If the -database is used as an option, you must specify the location as -database /lscratch/$SLURM_JOB_ID/database. In addition, you must allocate at least 10 GB of local scratch space with --gres=lscratch:10.

Interactive job
Interactive jobs should be used for debugging, graphics, or applications that cannot be run as batch jobs.

Allocate an interactive session and run the program. Sample session:

[user@biowulf]$ sinteractive
salloc.exe: Pending job allocation 46116226
salloc.exe: job 46116226 queued and waiting for resources
salloc.exe: job 46116226 has been allocated resources
salloc.exe: Granted job allocation 46116226
salloc.exe: Waiting for resource configuration
salloc.exe: Nodes cn3144 are ready for job

[user@cn3144 ~]$ module load rosetta
[user@cn3144 ~]$ tar xzvf $ROSETTA3_HOME/../rosetta3_demos.tgz
[user@cn3144 ~]$ ./run_demo.sh

[user@cn3144 ~]$ exit
salloc.exe: Relinquishing job allocation 46116226
[user@biowulf ~]$
Batch job
Most jobs should be run as batch jobs.

Create a batch input file (e.g. rosetta.sh). For example:

#!/bin/bash
module load rosetta
relax @flags > relax.log

Submit this job using the Slurm sbatch command.

sbatch [--mem=#] rosetta.sh
Multithreaded job

A small fraction of Rosetta commands can be accelerated using multithreading. This requires an extra option:

-multithreading:total_threads #

where # is the number of threads.

The easiest way to handle this is to supply a slurm-created environment variable $SLURM_CPUS_ON_NODE in a job with multiple cpus allocated. Here is an example sbatch submission script:

#!/bin/bash
module load rosetta
relax @flags -multithreading:total_threads $SLURM_CPUS_ON_NODE > relax.log

The multiple cpus are allocated like so:

[user@biowulf ~]$ sbatch --cpus-per-task=# rosetta.sh

where # is a number between 2 and 8.

NOTE: There are very few rosetta commands that benefit from multithreading. Make sure your jobs actually utilize the excess cpus using jobload or the HPC dashboard.

MPI job

Certain Rosetta commands can be distributed using MPI. This requires the MPI module for Rosetta be loaded, e.g.

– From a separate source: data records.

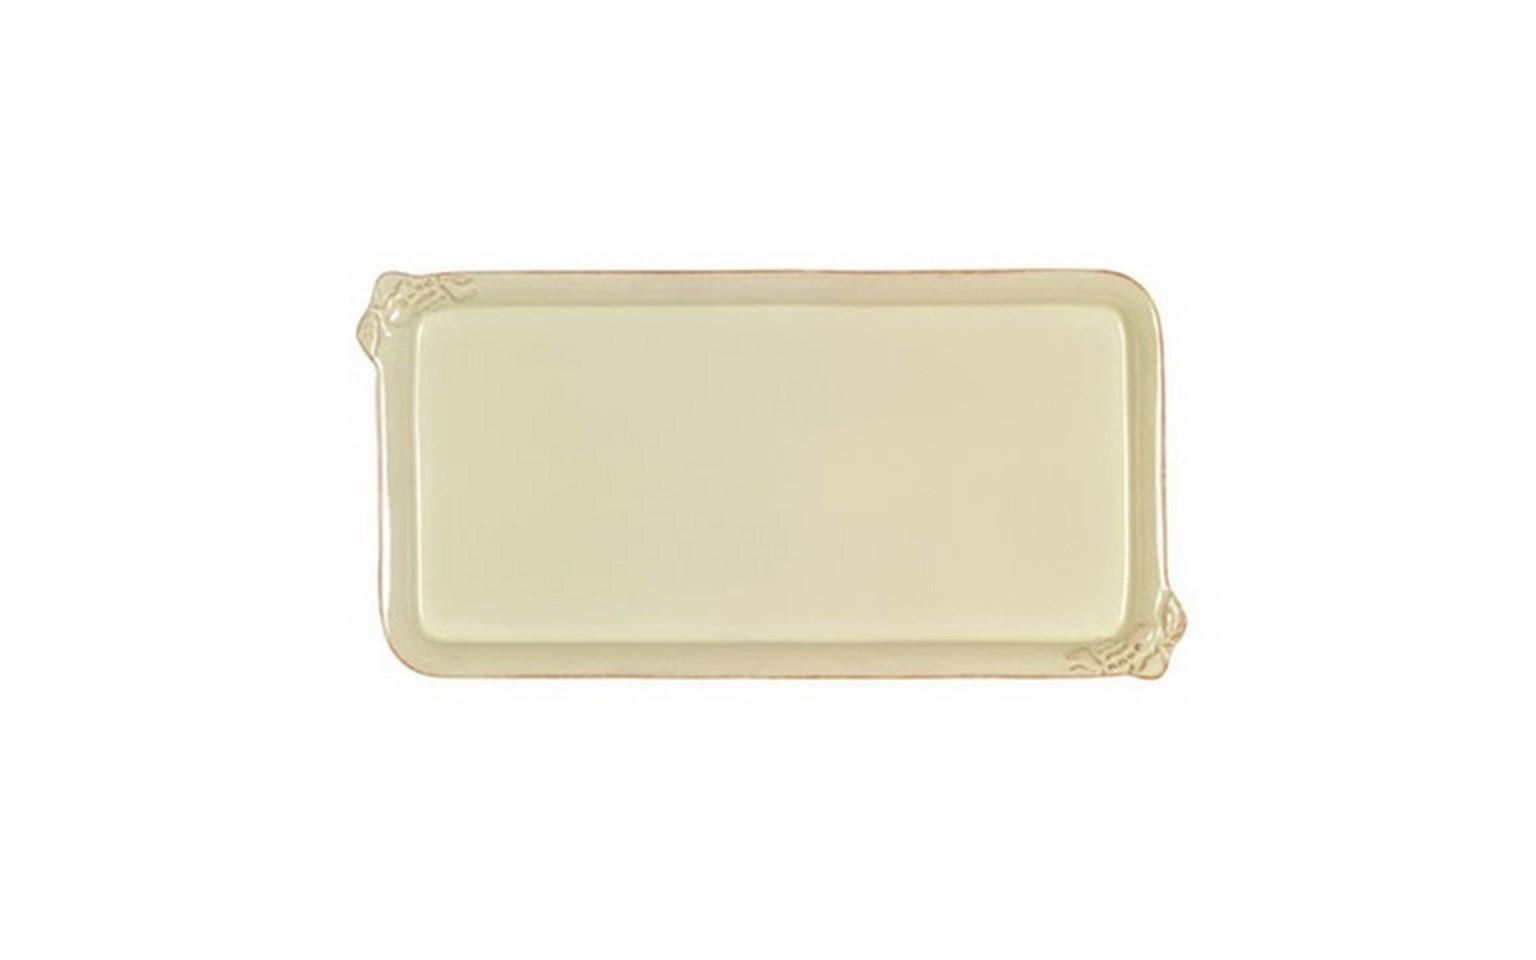 Поднос прямоугольныйДекоративные подносы<br>Costa Nova (Португалия) – керамическая посуда из самого сердца Португалии. Керамическая посуда Costa Nova абсолютно устойчива к мытью, даже в посудомоечной машине, ее вполне можно использовать для замораживания продуктов и в микроволновой печи, при этом можно не бояться повредить эту великолепную глазурь и свежие краски. Такую посуду легко мыть, при ее очистке можно использовать металлические губки – и все это благодаря прочному глазурованному покрытию. Все серии посуды от Costa Nova отвечают международным стандартам качества. Керамическая посуда от Costa Nova не содержит такие вещества, как свинец и кадмий.<br><br>Material: Керамика
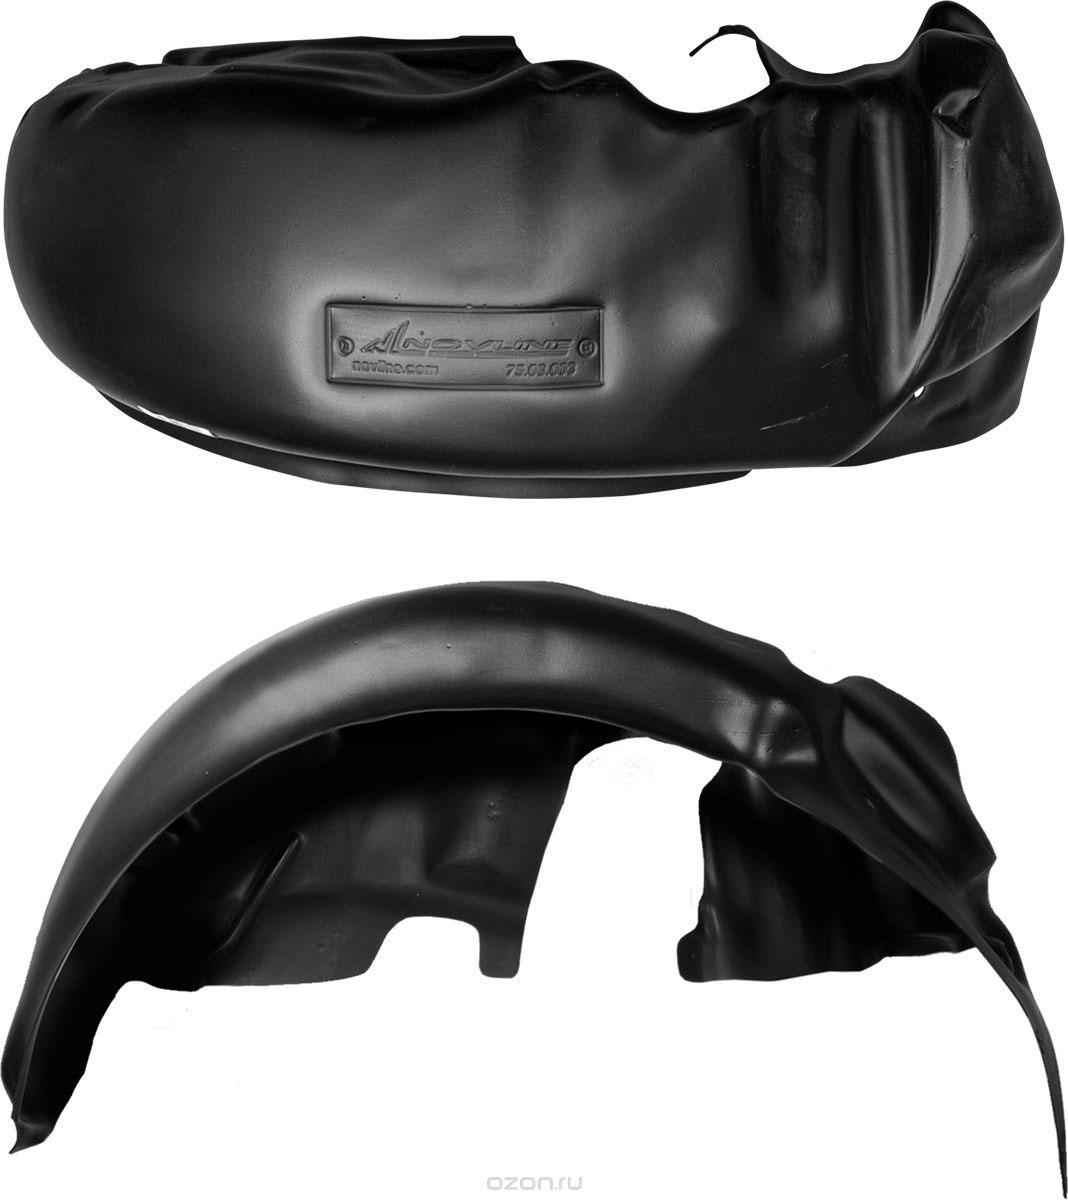 Подкрылок Novline-Autofamily, для NISSAN Teana, 03/2014->, седан, задний левыйDW90Идеальная защита колесной ниши. Локеры разработаны с применением цифровых технологий, гарантируют максимальную повторяемость поверхности арки. Изделия устанавливаются без нарушения лакокрасочного покрытия автомобиля, каждый подкрылок комплектуется крепежом. Уважаемые клиенты, обращаем ваше внимание, что фотографии на подкрылки универсальные и не отражают реальную форму изделия. При этом само изделие идет точно под размер указанного автомобиля.
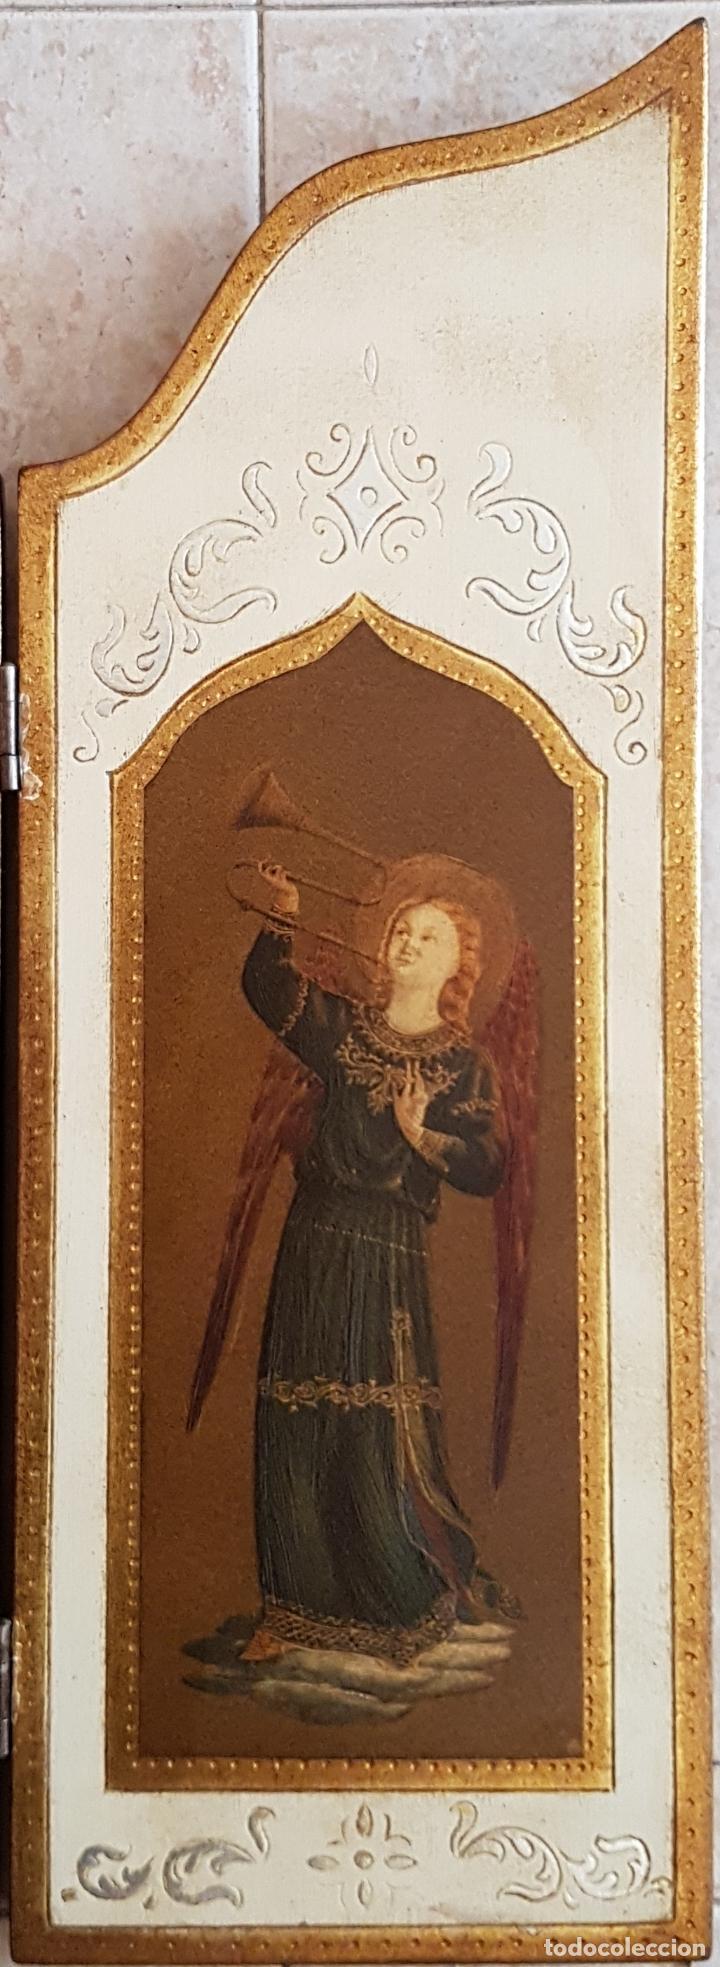 Arte: Bello tríptico antiguo con litigrafías religiosas en madera con acabados en estuco y oro . - Foto 4 - 132801302
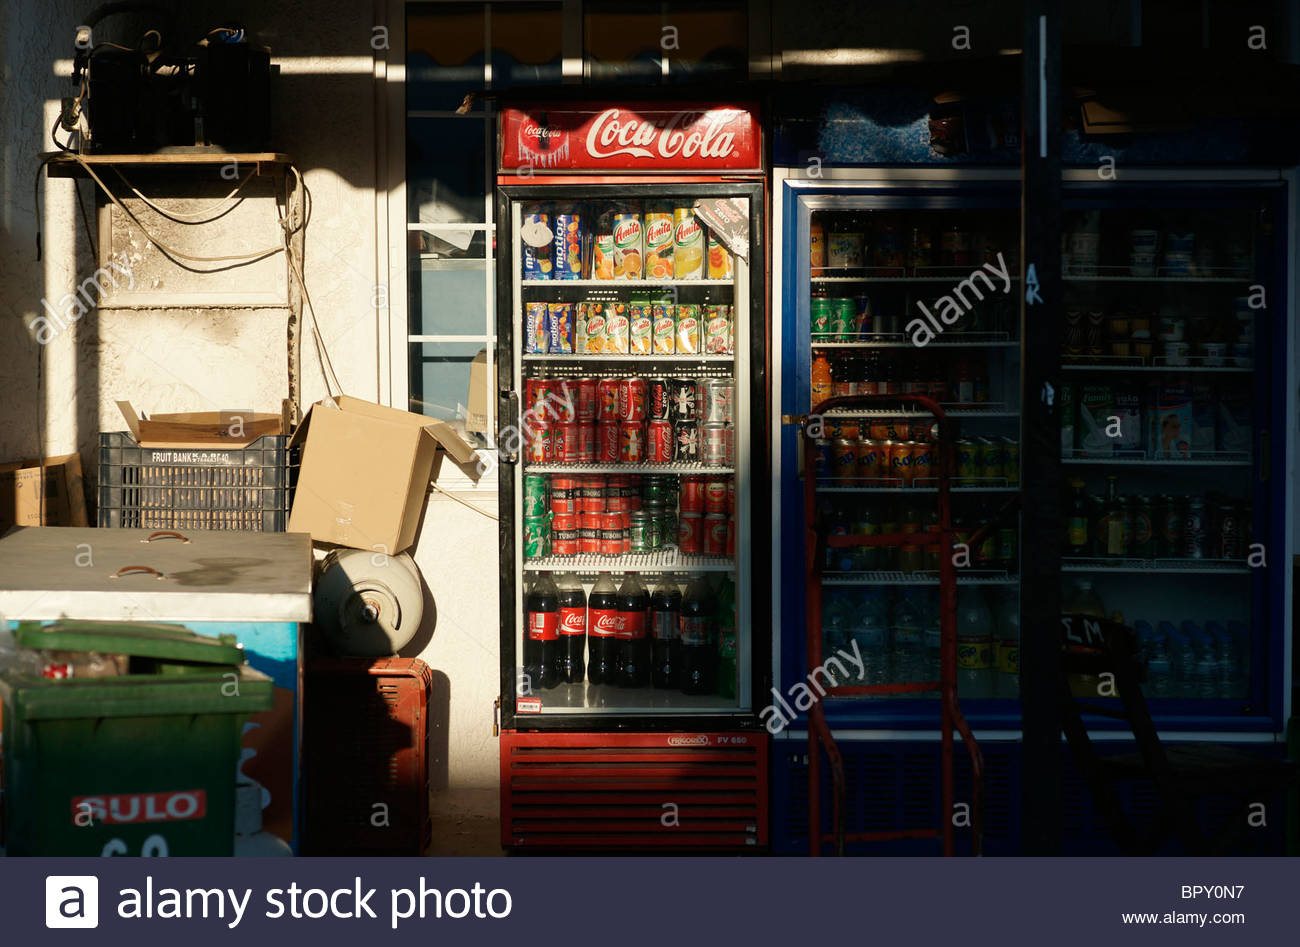 Griechenland, Coca Cola Soft Getränke Kühler Stockfoto, Bild ...

module load rosetta/2018.21.mpi

The Rosetta commands are launched using mpirun, passing the number of tasks with -np:

mpirun -np ${SLURM_NTASKS} AbinitioRelax @flags

Then, tasks must be allocated instead of CPUs:

sbatch [--ntasks=#] [--ntasks-per-core=1] rosetta.sh

Not all Rosetta commands are MPI-enabled. Check the Rosetta Commons documentation to learn more about running Rosetta with MPI.

Swarm of Jobs
A swarm of jobs is an easy way to submit a set of independent commands requiring identical resources.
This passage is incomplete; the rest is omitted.